Notes: Two species of Phyllosticta are known from Pyrola spp., namely P. pyrolae Ellis & Everh. and P. pyrolae (Ehrenb.: Fr) Allesch. Of these, the latter species is an illegitimate homonym, with morphological characteristics (conidia 3-4 μm long) that indicate that it should be excluded from Phyllosticta s. str. (van der Aa & Vanev 2002). The other species, P. pyrolae Ellis & Everh. (conidia ovoid to globose, 4.5-7.5 × 4-9 μm, with mucoid layer and an apical appendage) resembles P. neopyrolae. Phyllosticta neopyrolae differs from these two species by having conidia that lack a mucoid sheath and apical appendage.
Phyllosticta owaniana G. Winter, Hedwigia 24: 31. 1885. Fig. 16.

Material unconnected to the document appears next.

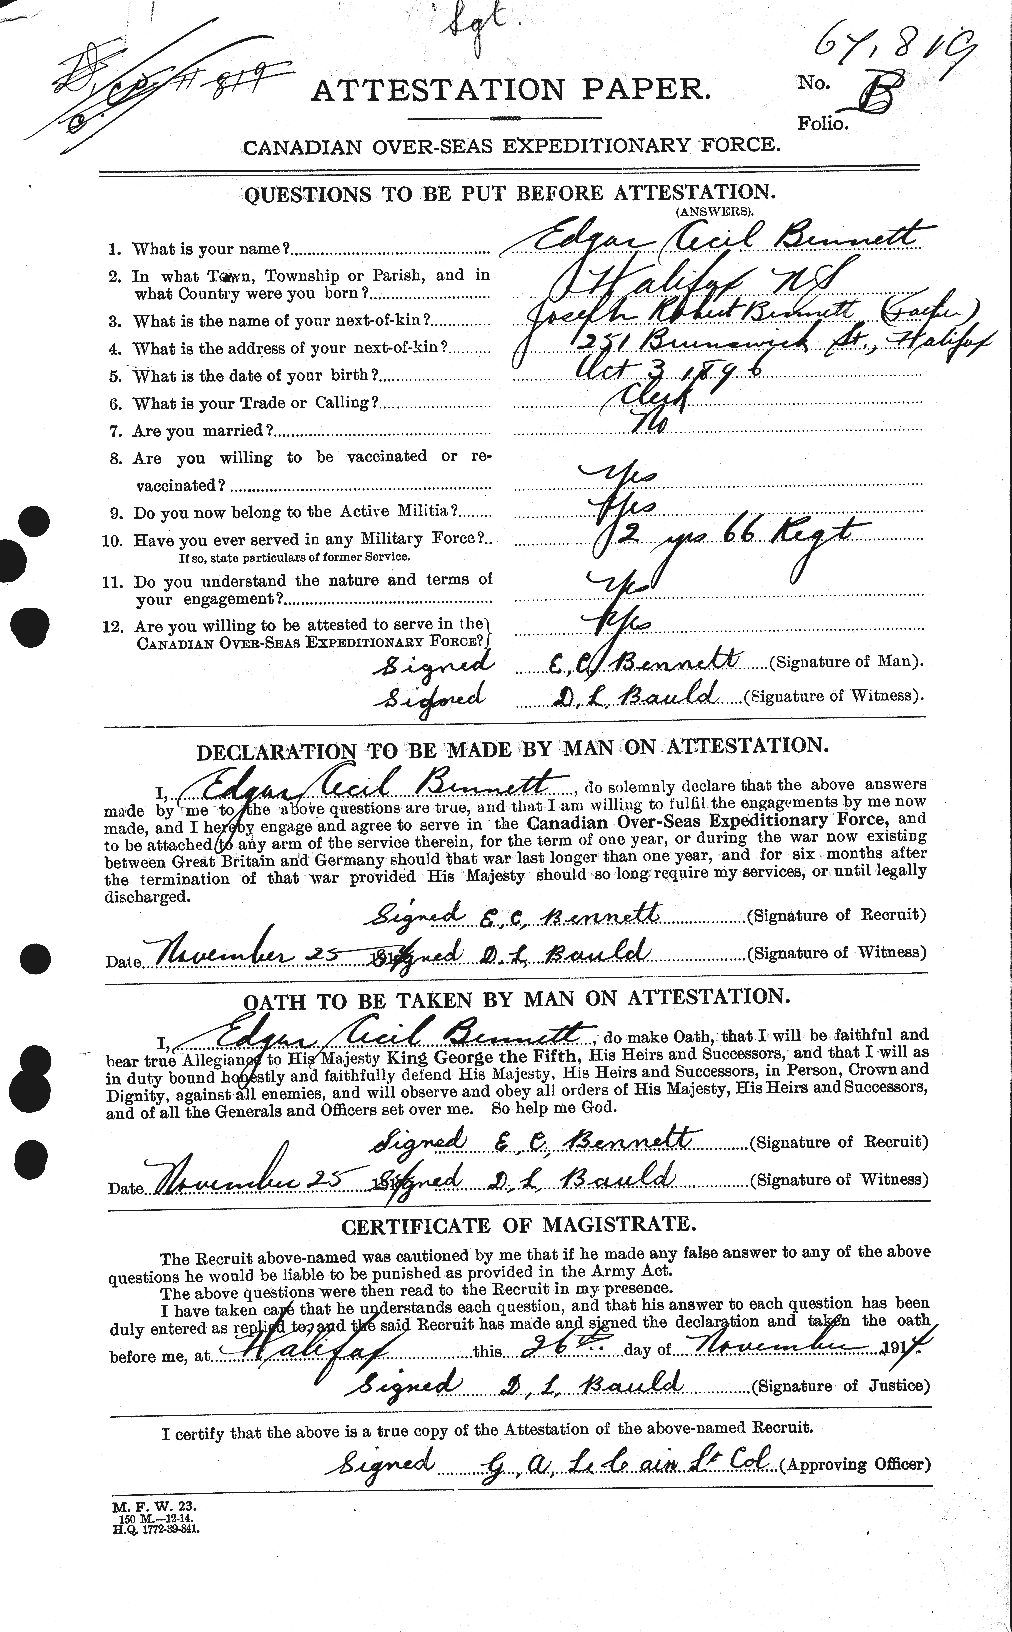 Personnel Records of the First World War - CEF 233453a

Leaf spots amphigenous, irregular to subcircular, pale to medium brown, turning greyish with age, surrounded by a broad purplish border, and chlorotic margin. Conidiomata (on PNA) pycnidial, solitary, black, erumpent, globose, exuding colourless conidial masses; pycnidia up to 300 μm diam, frequently with elongated neck on OA and MEA; pycnidial wall of several layers of textura angularis, up to 30 μm thick; inner wall of hyaline textura angularis. Ostiole central, up to 10 μm diam. Conidiophores subcylindrical to ampulliform, reduced to conidiogenous cells, or with 1-2 supporting cells, that can be branched at the base, 10-30 × 4-5 μm. Conidiogenous cells terminal, subcylindrical, hyaline, smooth, coated in a mucoid layer, 10-25 × 3-4.5 μm; proliferating several times percurrently near apex. Conidia (10-)11-12(-13) × (7-)8(-9) μm, solitary, hyaline, aseptate, thin and smooth walled, granular, or with a single large central guttule, ellipsoid to obovoid, tapering towards a bluntly obtuse or narrow truncate base, 2-3 μm diam, enclosed in a thin persistent mucoid sheath, 1-2 μm thick, and bearing a hyaline, apical mucoid appendage, (5-)8-12(-15) × (1-)1.5 μm, flexible, unbranched, tapering towards an acutely rounded tip.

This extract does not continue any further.